**Source material**
+ + + + + + +

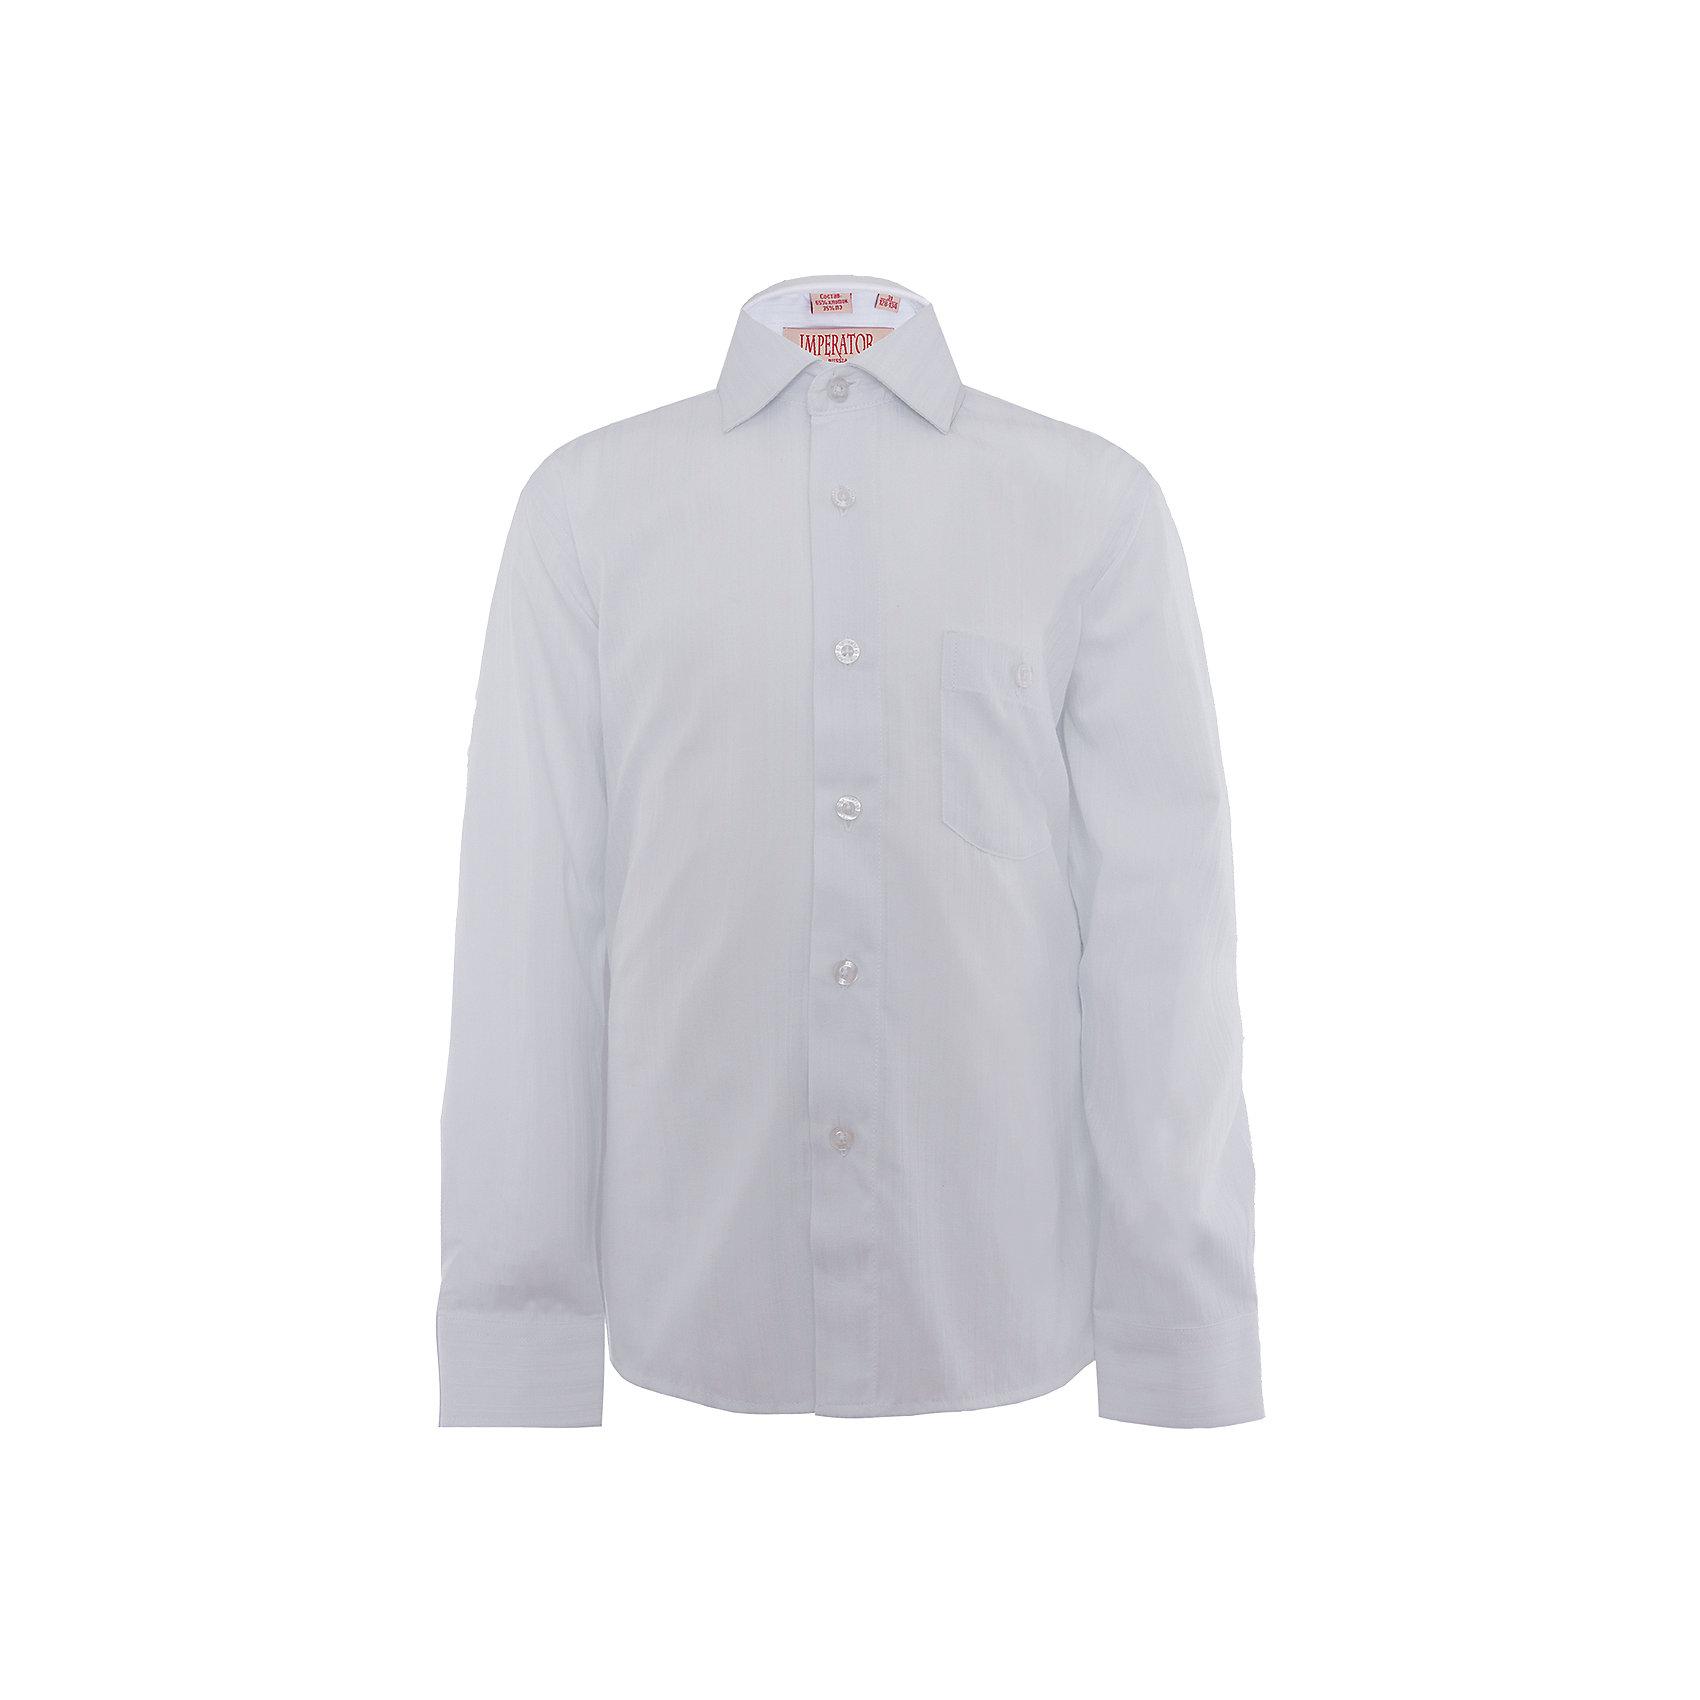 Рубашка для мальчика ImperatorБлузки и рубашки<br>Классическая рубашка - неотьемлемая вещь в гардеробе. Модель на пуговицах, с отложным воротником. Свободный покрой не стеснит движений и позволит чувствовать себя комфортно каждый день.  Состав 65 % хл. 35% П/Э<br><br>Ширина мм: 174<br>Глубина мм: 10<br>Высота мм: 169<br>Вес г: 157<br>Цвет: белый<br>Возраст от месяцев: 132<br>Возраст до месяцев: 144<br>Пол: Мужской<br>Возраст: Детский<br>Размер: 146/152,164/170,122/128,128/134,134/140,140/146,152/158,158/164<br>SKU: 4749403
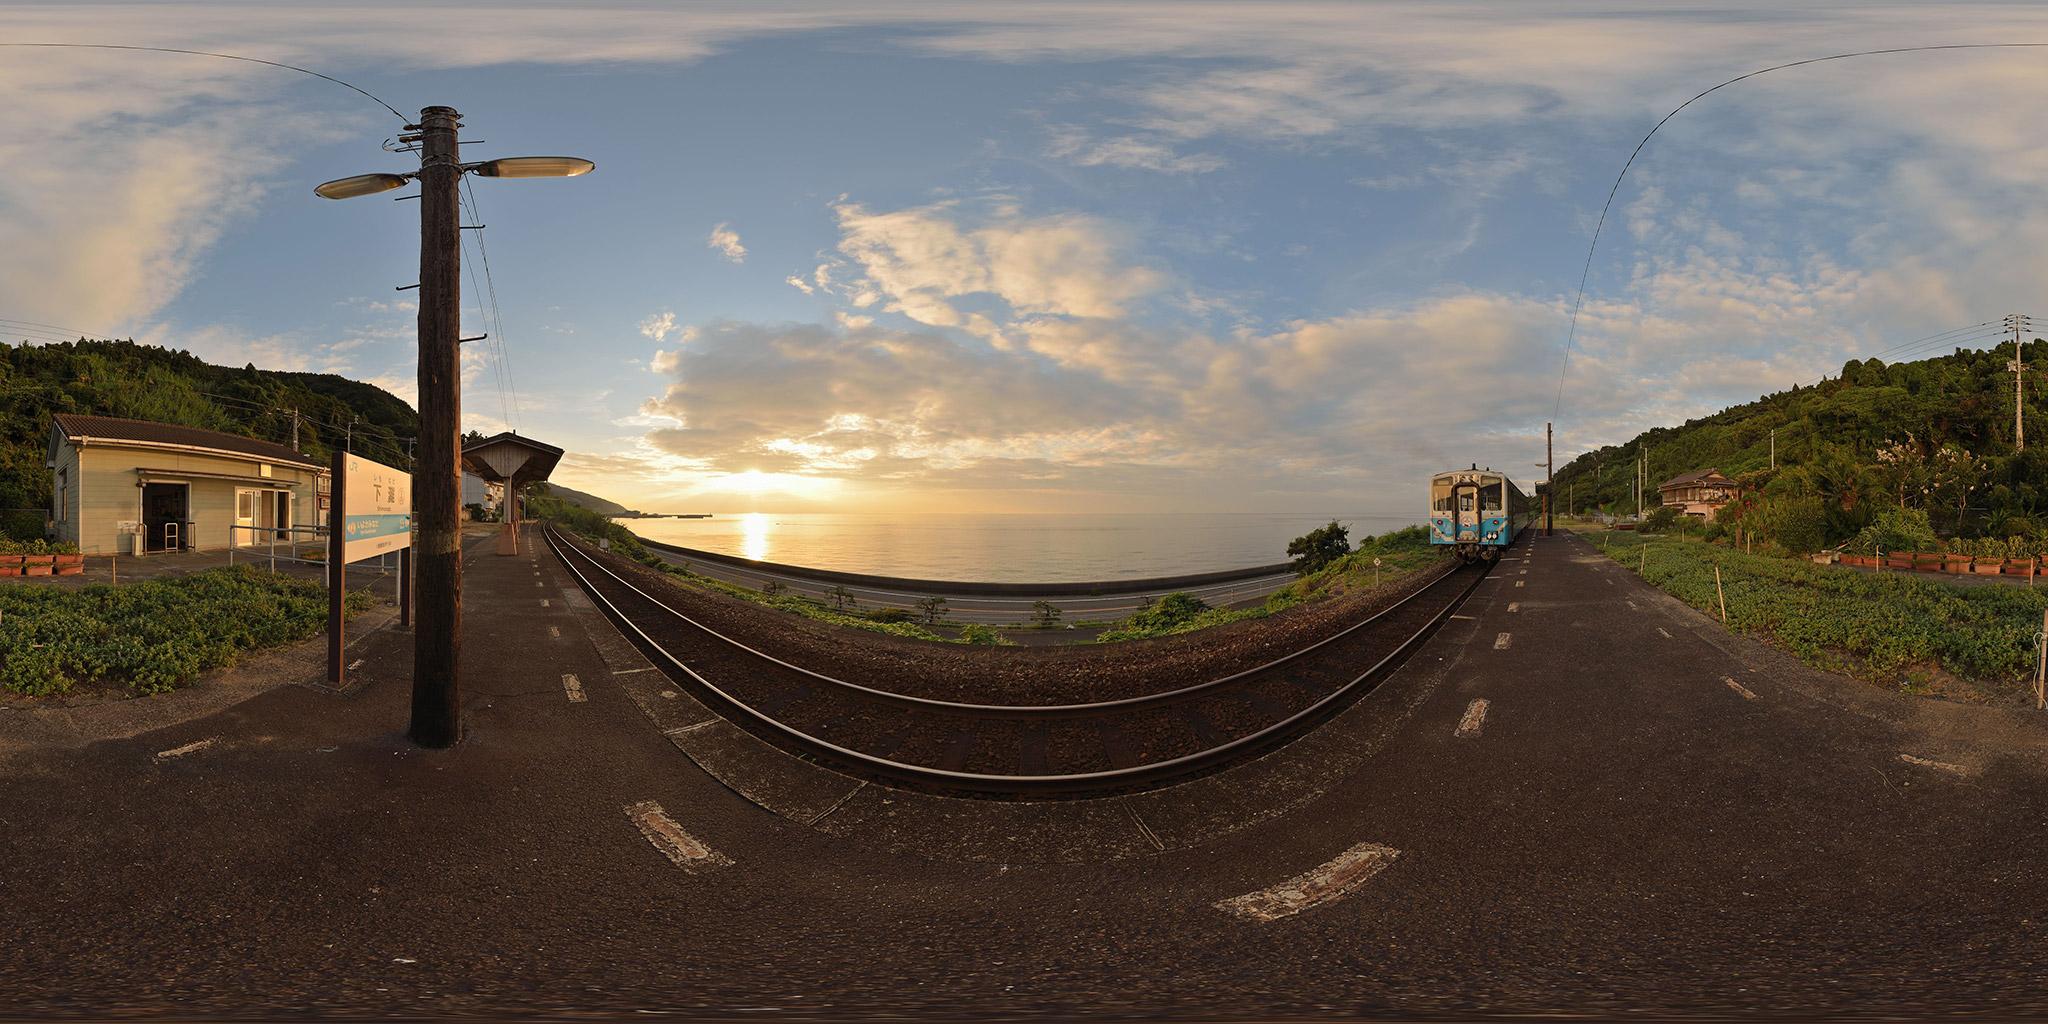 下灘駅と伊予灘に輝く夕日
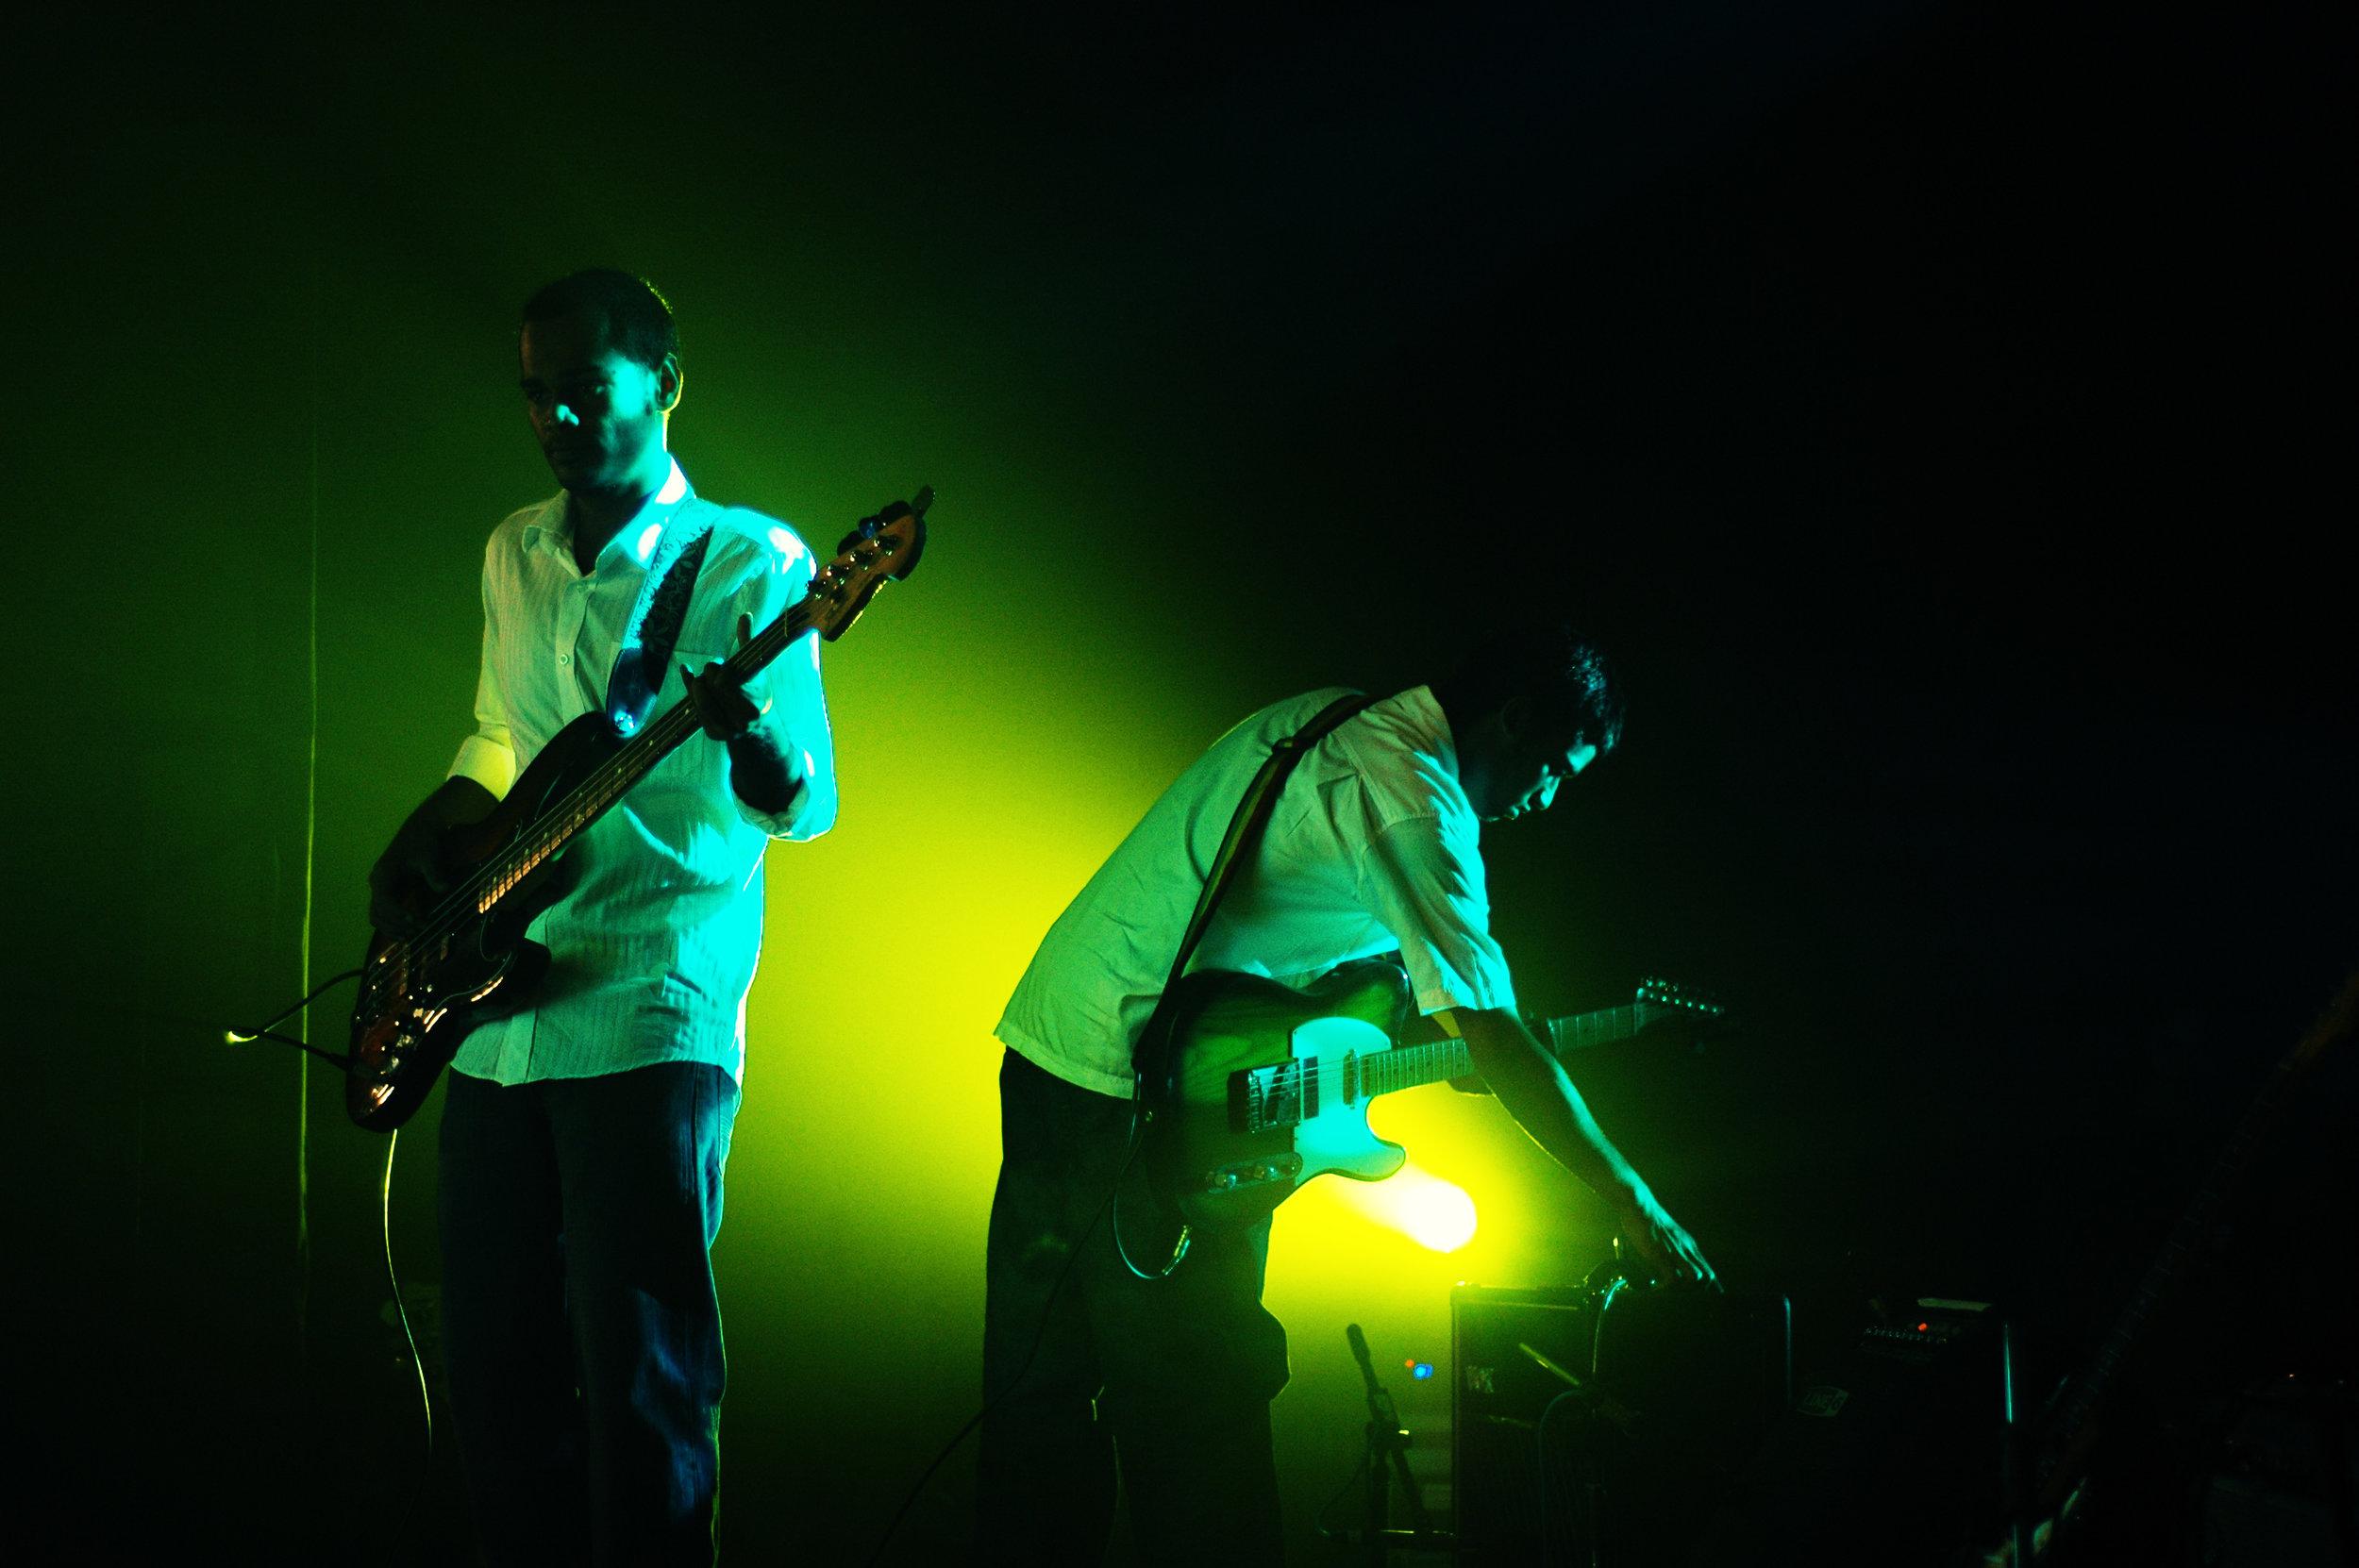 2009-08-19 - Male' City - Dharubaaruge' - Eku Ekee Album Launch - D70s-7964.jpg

+ + + + + + +

**Task instructions**
Output the complete listing exactly as it appears, except for the images.

**Exercise answer**
 Рубашка для мальчика ImperatorБлузки и рубашки<br>Классическая рубашка - неотьемлемая вещь в гардеробе. Модель на пуговицах, с отложным воротником. Свободный покрой не стеснит движений и позволит чувствовать себя комфортно каждый день.  Состав 65 % хл. 35% П/Э<br><br>Ширина мм: 174<br>Глубина мм: 10<br>Высота мм: 169<br>Вес г: 157<br>Цвет: белый<br>Возраст от месяцев: 132<br>Возраст до месяцев: 144<br>Пол: Мужской<br>Возраст: Детский<br>Размер: 146/152,164/170,122/128,128/134,134/140,140/146,152/158,158/164<br>SKU: 4749403
 下灘駅と伊予灘に輝く夕日
 2009-08-19 - Male' City - Dharubaaruge' - Eku Ekee Album Launch - D70s-7964.jpg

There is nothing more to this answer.